La mise au point de la séparation des composés par chromatographie liquide a déjà été réalisée au laboratoire par (Delhomme, 2008). Afin d’obtenir un maximum de sensibilité et de sélectivité, des longueurs d’ondes d’excitation et d’émission (λ EX/λ EM) spécifiques aux différents composés étudiés ont été retenues. Le problème résolu par Delhomme(2008) était de trouver un déclenchement pour avoir une détection optimale pour tous les composés. En effet, lorsque l’espace temps entre deux composés ne le permet pas, il faut sélectionner un couple d’ondes (λEx/λEm) commun. Des choix ont été faits pour obtenir un rapportλEx/λEm avec deux signaux moyens plutôt que de prendre un rapportλEx/λEm donnant un signal fort pour un composé et un signal faible pour l’autre composé. Depuis ces travaux, les temps de rétention ont été décalés. Il a fallu recaler les fenêtres (λ Ex/λ Em), étant donné qu’on n’obtenait pas la totalité des pics. En effet, certains étaient coupés à la base. Les conditions d’analyse sont présentées sur la figure ci-dessous. Les limites de détection et de quantification des HAP dans l’air sont données dans le tableau 2.2. L’ensemble des données sur les HAP est présenté dans l’annexe A.

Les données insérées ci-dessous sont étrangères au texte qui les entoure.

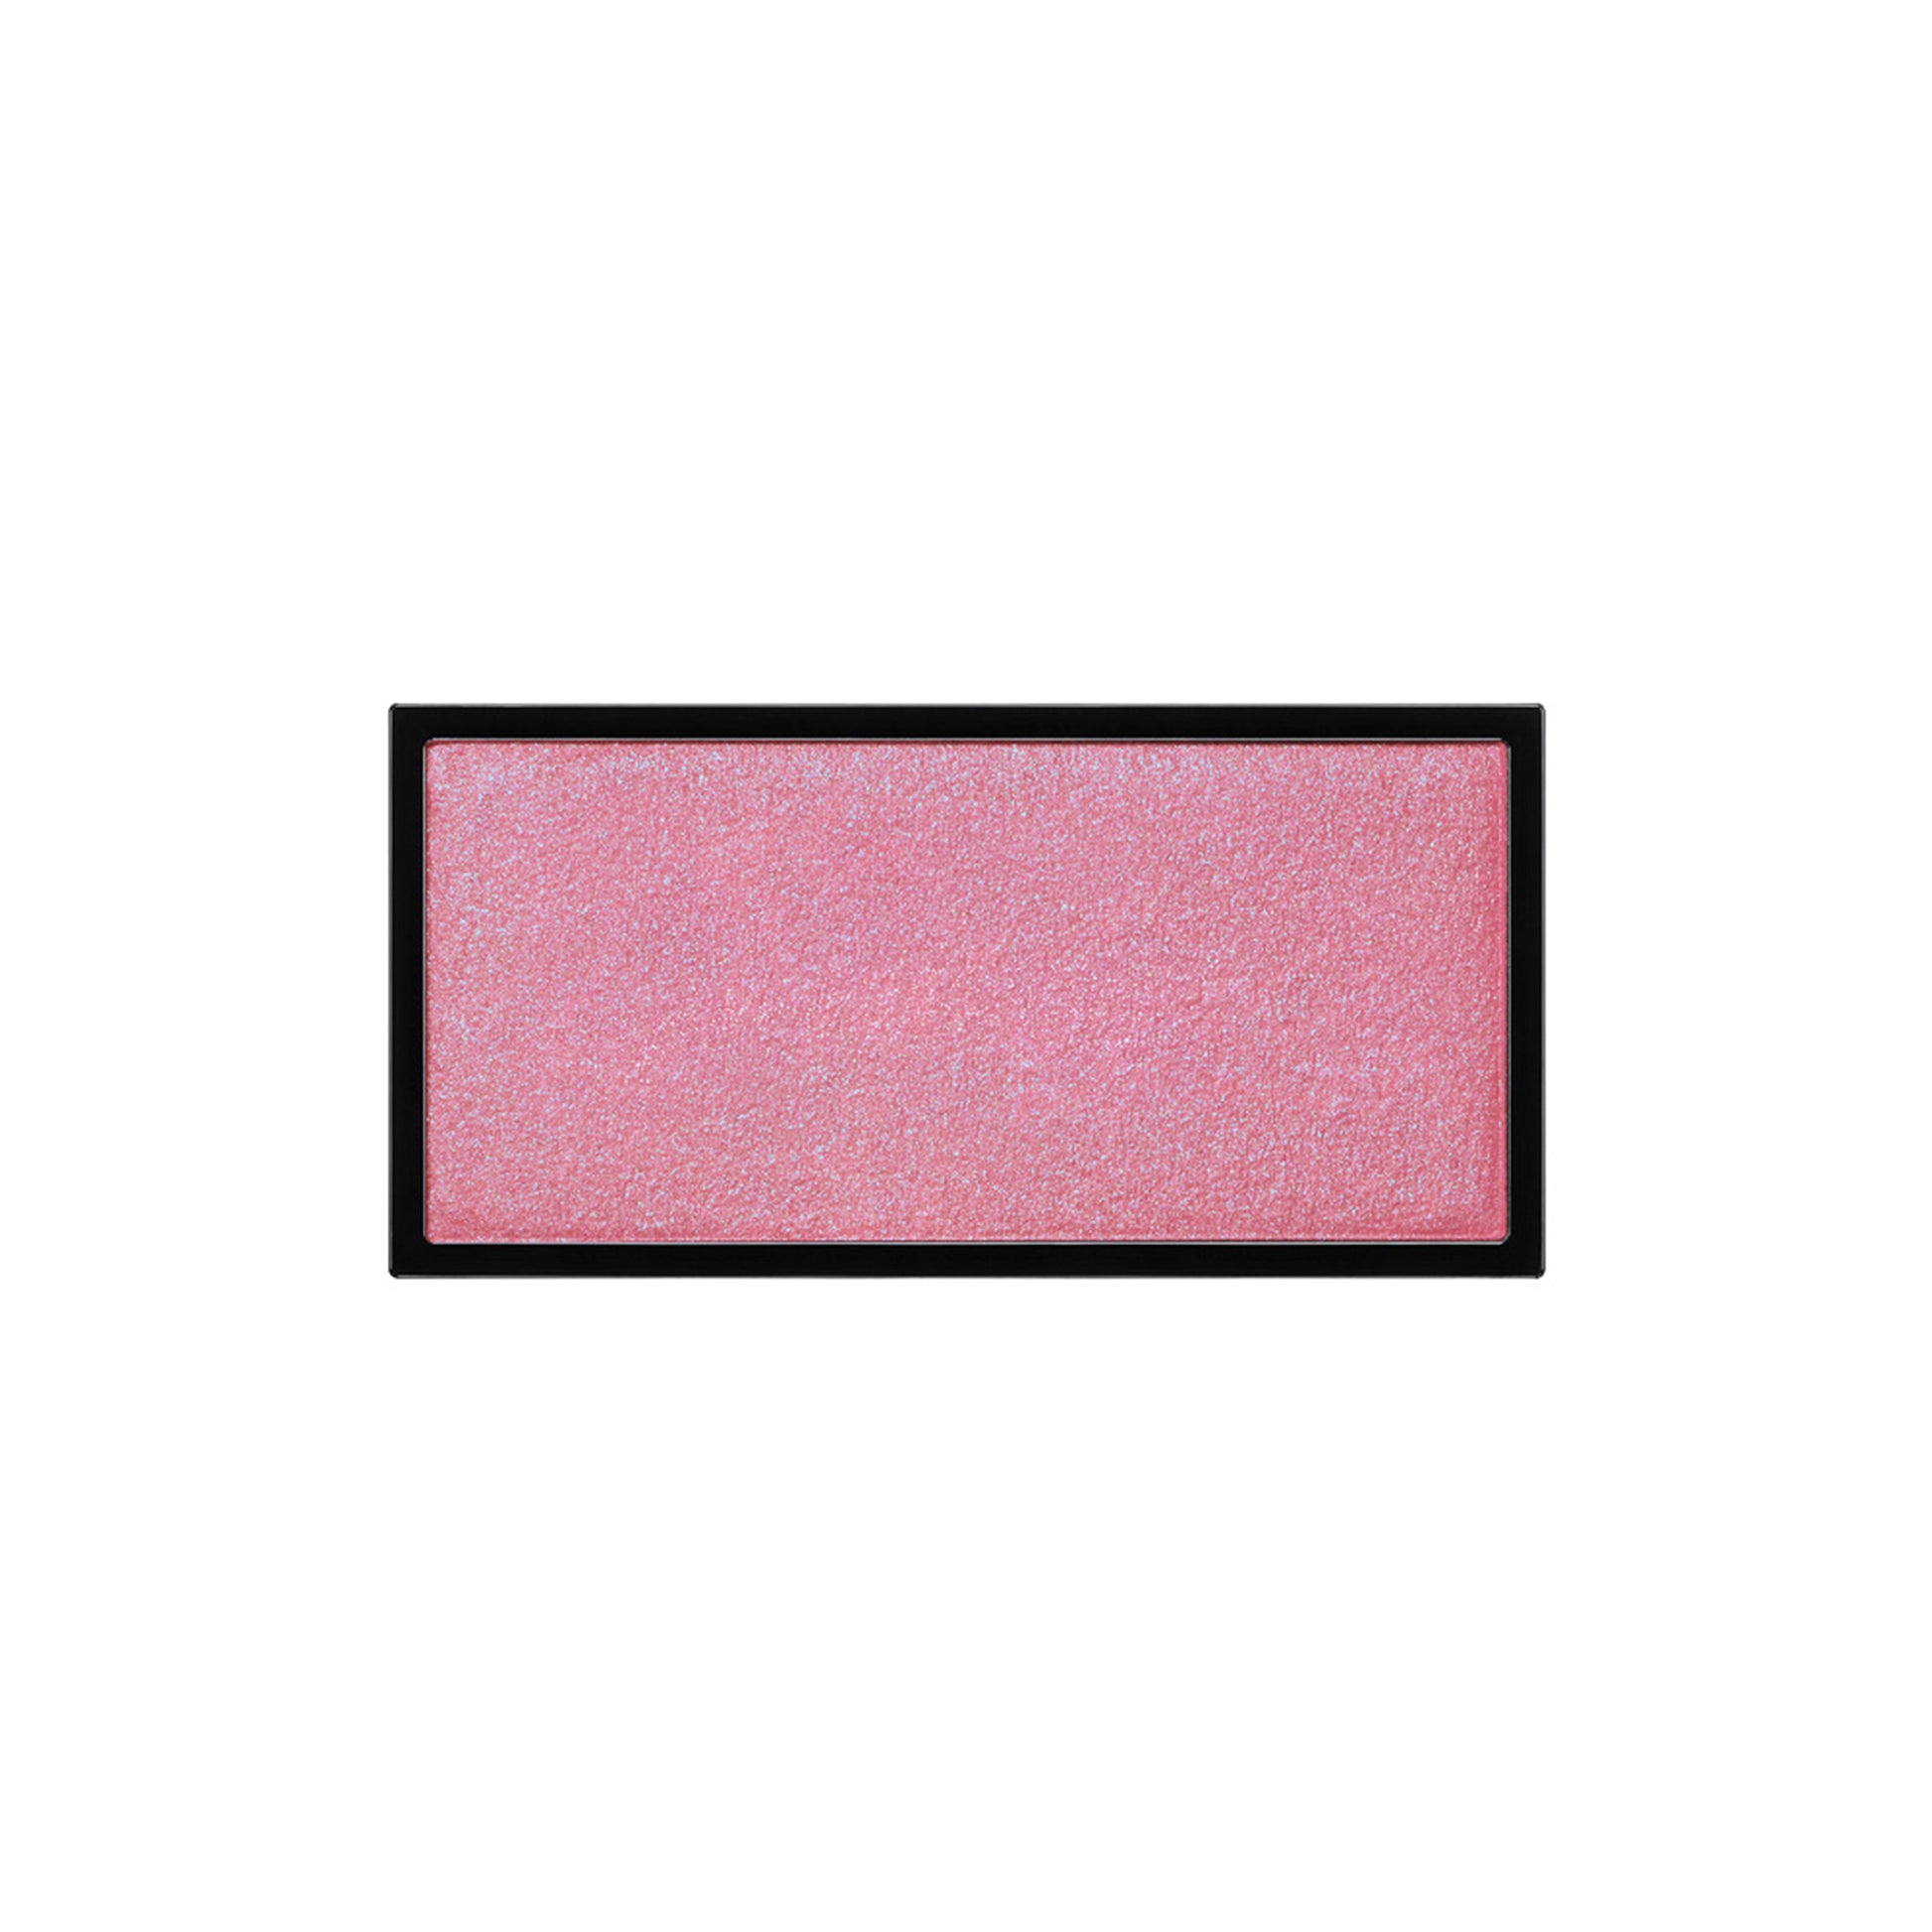 A rectangle shaped powder blush pan in a cool toned pink with a hint of purple

Figure2.14: Chromatographie liquide haute performance couplée à un détecteur fluorimétrique
2.5.6 Analyse des pesticides
Les pesticides sont caractérisés par leur diversité notamment concernant leurs propriétés physico-chimiques et par des concentrations faibles dans les échantillons d’air et d’eau (pluie exutoire). Il paraît donc important d’utiliser une technique d’analyse permettant la détection d’un grand nombre de composés avec des seuils de détection bas. Il a été choisi de doser les pesticides par une méthode de chromatographie en phase gazeuse (CPG) couplée à la spectro-métrie de masse en tandem (MS/MS) suivant la technologie de la trappe d’ions et ceci en impact électronique (Scheyer,2004). Cette méthode est la plus couramment utilisée pour l’analyse des pesticides, car elle est un outil performant pour l’identification dans les matrices complexes.
La spectrométrie de masse tandem permet d’améliorer les limites de détections ainsi que la spé-cificité des composés à analyser. Dans la MS/MS la formation des ions fragments commence par la sélection d’un ion stable issu de la source d’ions (appelé ion parent). Cet ion est ensuite excité afin d’augmenter son énergie interne puis fragmenté. Les ions fragmentés sont ensuite analysés.
Toutes les étapes de fragmentations ont lieu à l’intérieur de la trappe à ions dont le principe de fonctionnement est décrit en détail dans la thèse deScheyer(2004). L’ensemble des données sur les pesticides est présenté dans l’annexe B.